— EXERCISE GOAL —
Using the data below, transcribe exactly everything from the line that contains "Fufu fish is" down to the line that contains "Benny Goodman and". Include both of those lines and none of the pictures.

— PROVIDED INFORMATION —
....................
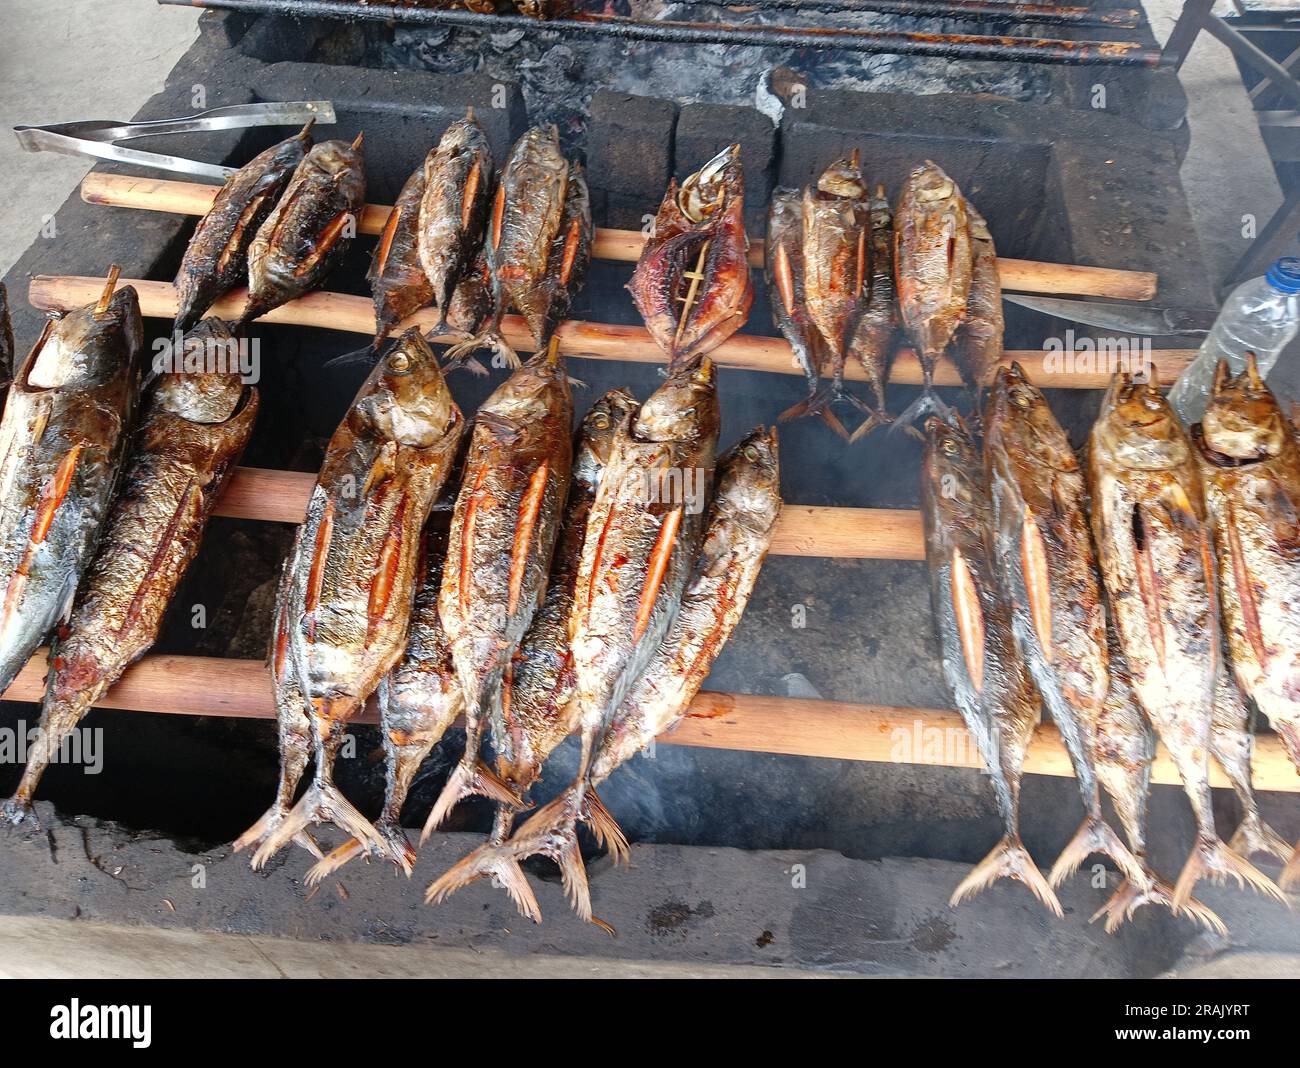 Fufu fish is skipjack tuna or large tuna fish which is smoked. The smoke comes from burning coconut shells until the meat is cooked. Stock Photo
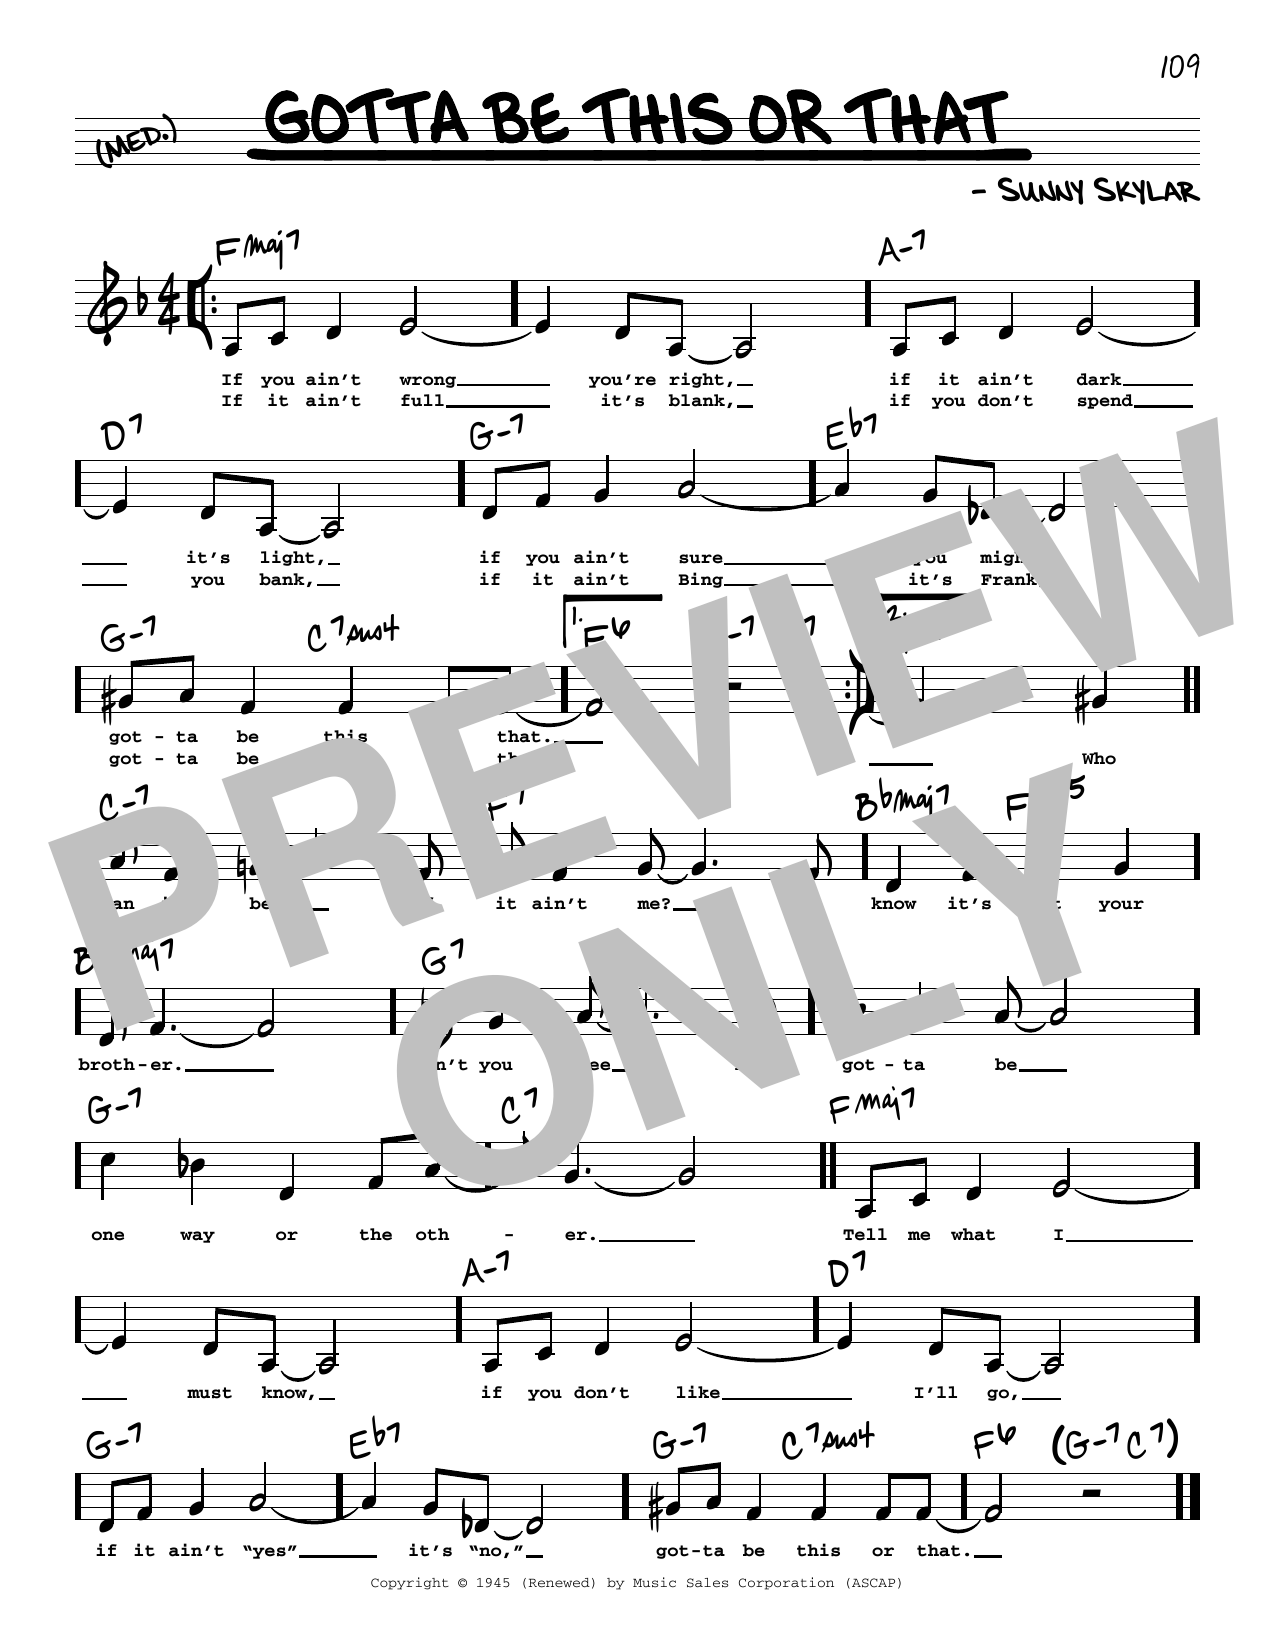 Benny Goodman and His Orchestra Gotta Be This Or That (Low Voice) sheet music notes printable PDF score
....................
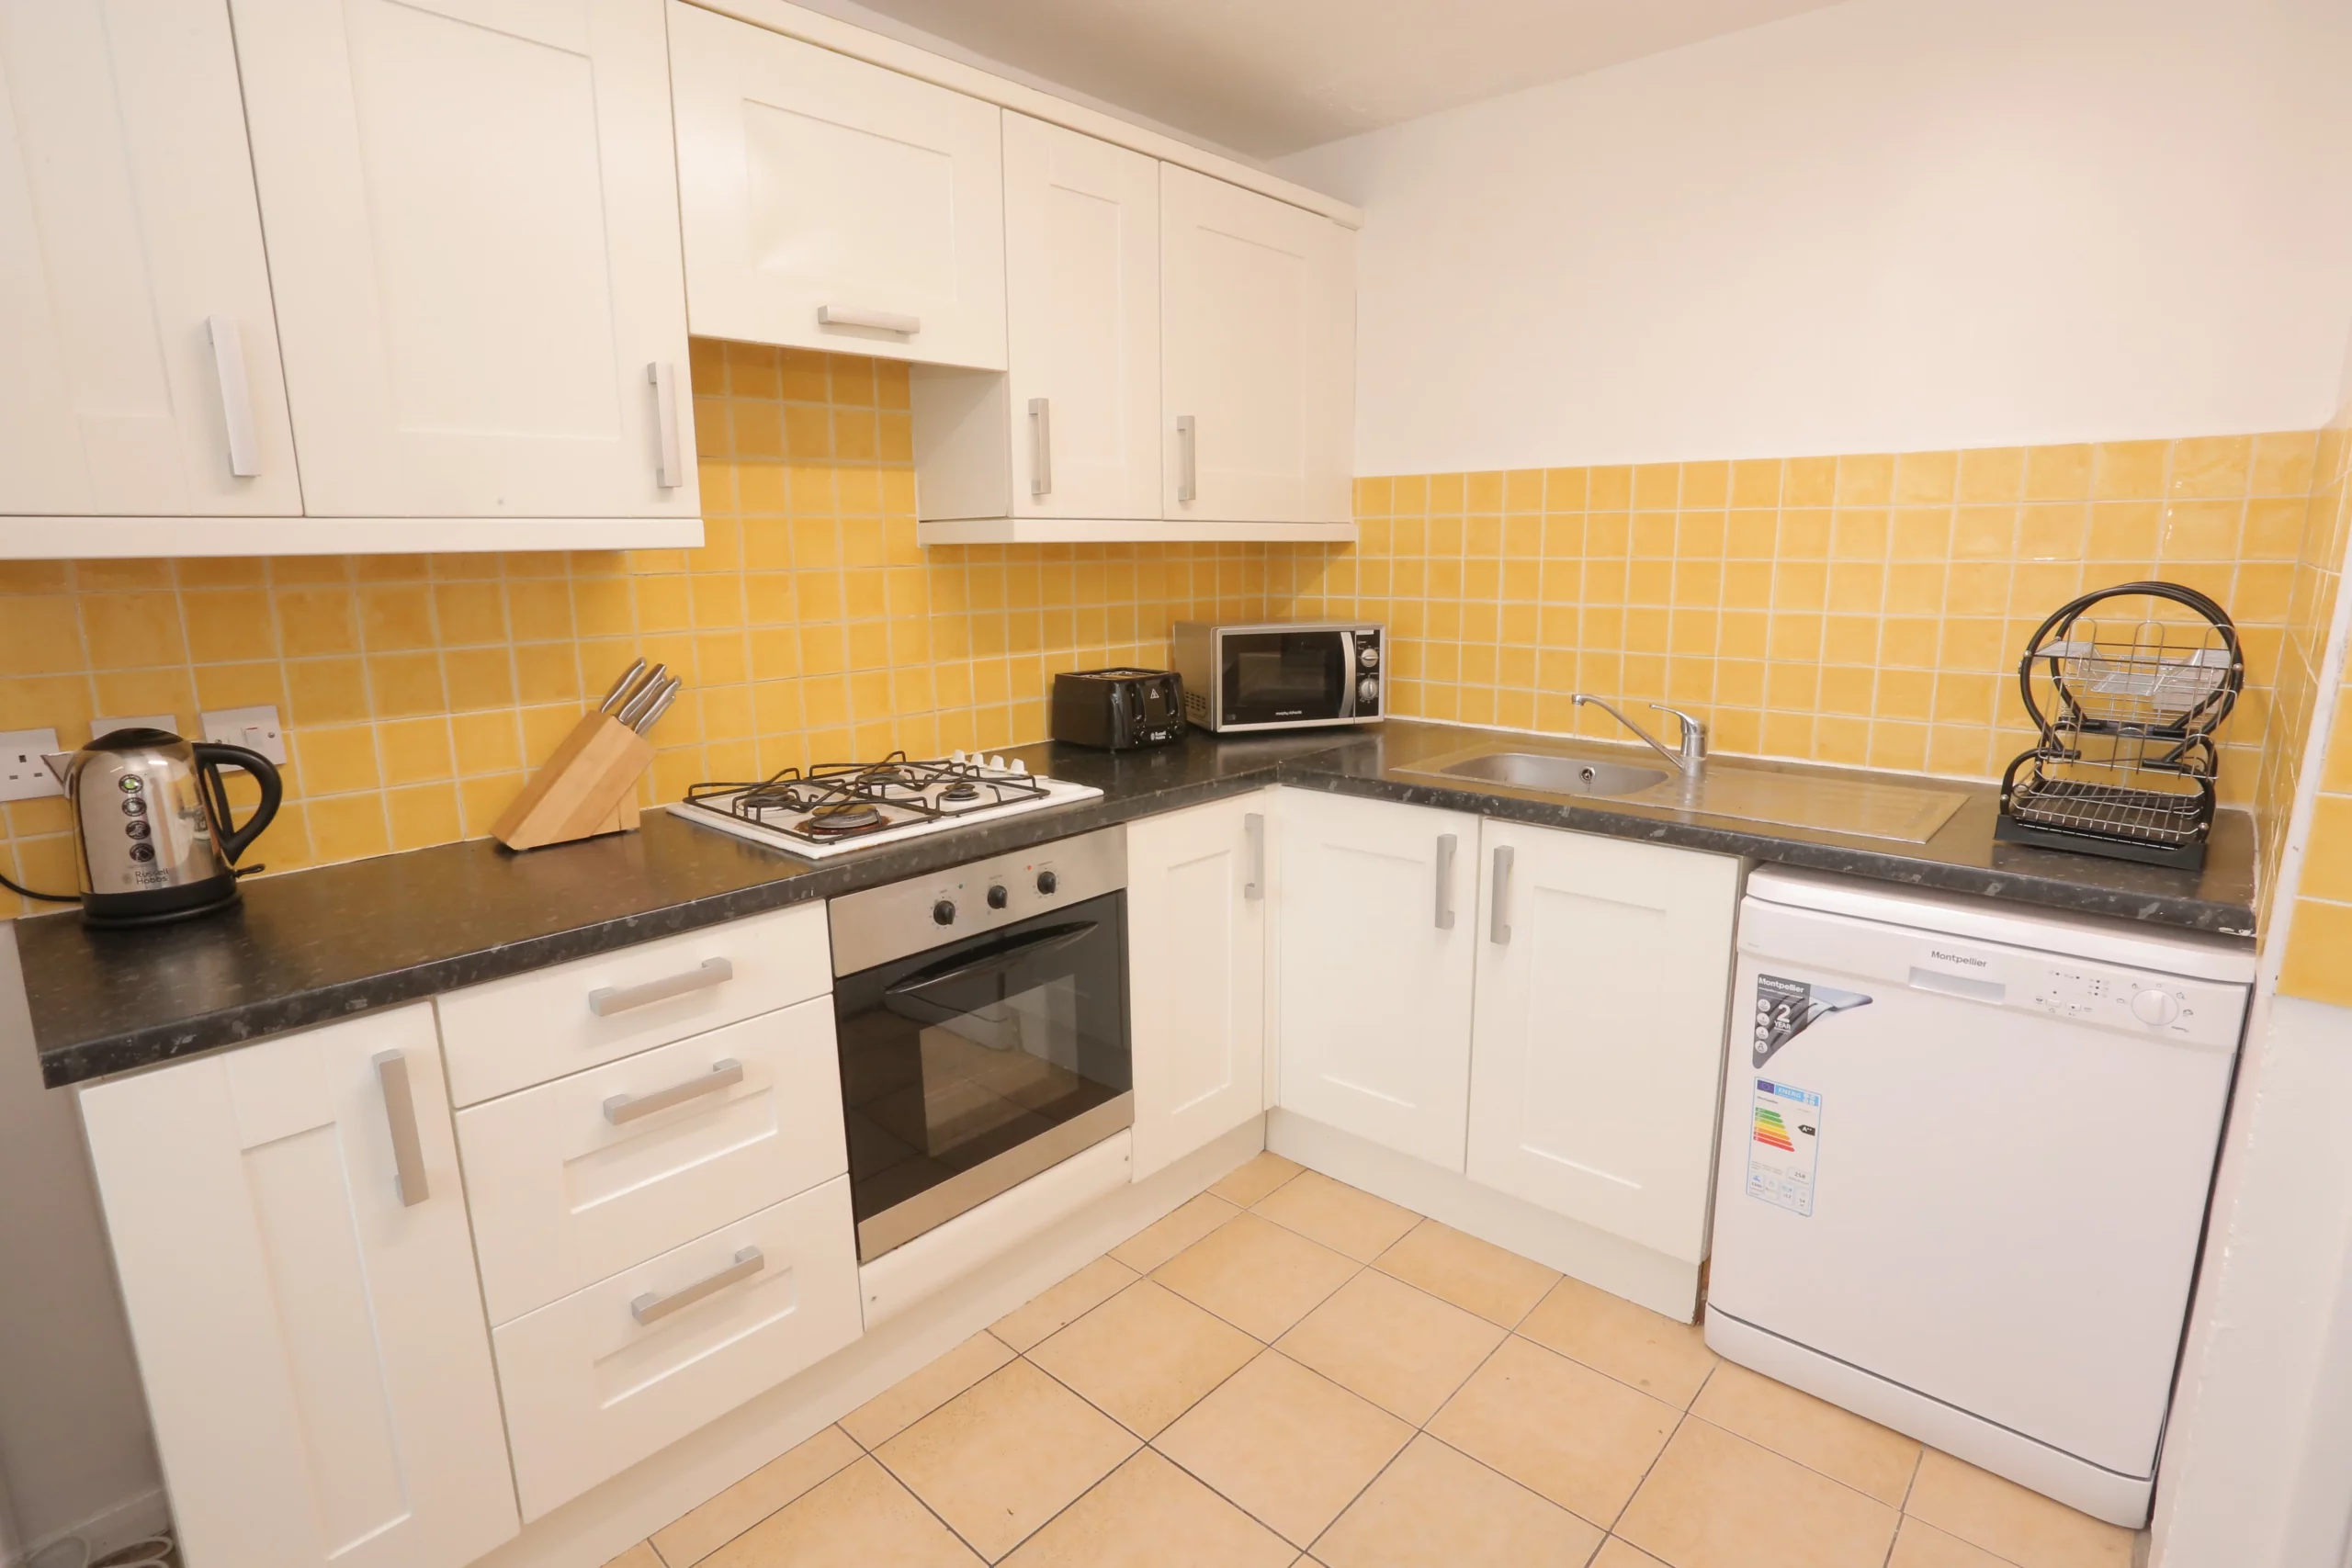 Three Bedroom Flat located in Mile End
....................
— TASK OUTPUT —
 Fufu fish is skipjack tuna or large tuna fish which is smoked. The smoke comes from burning coconut shells until the meat is cooked. Stock Photo
 Benny Goodman and His Orchestra Gotta Be This Or That (Low Voice) sheet music notes printable PDF score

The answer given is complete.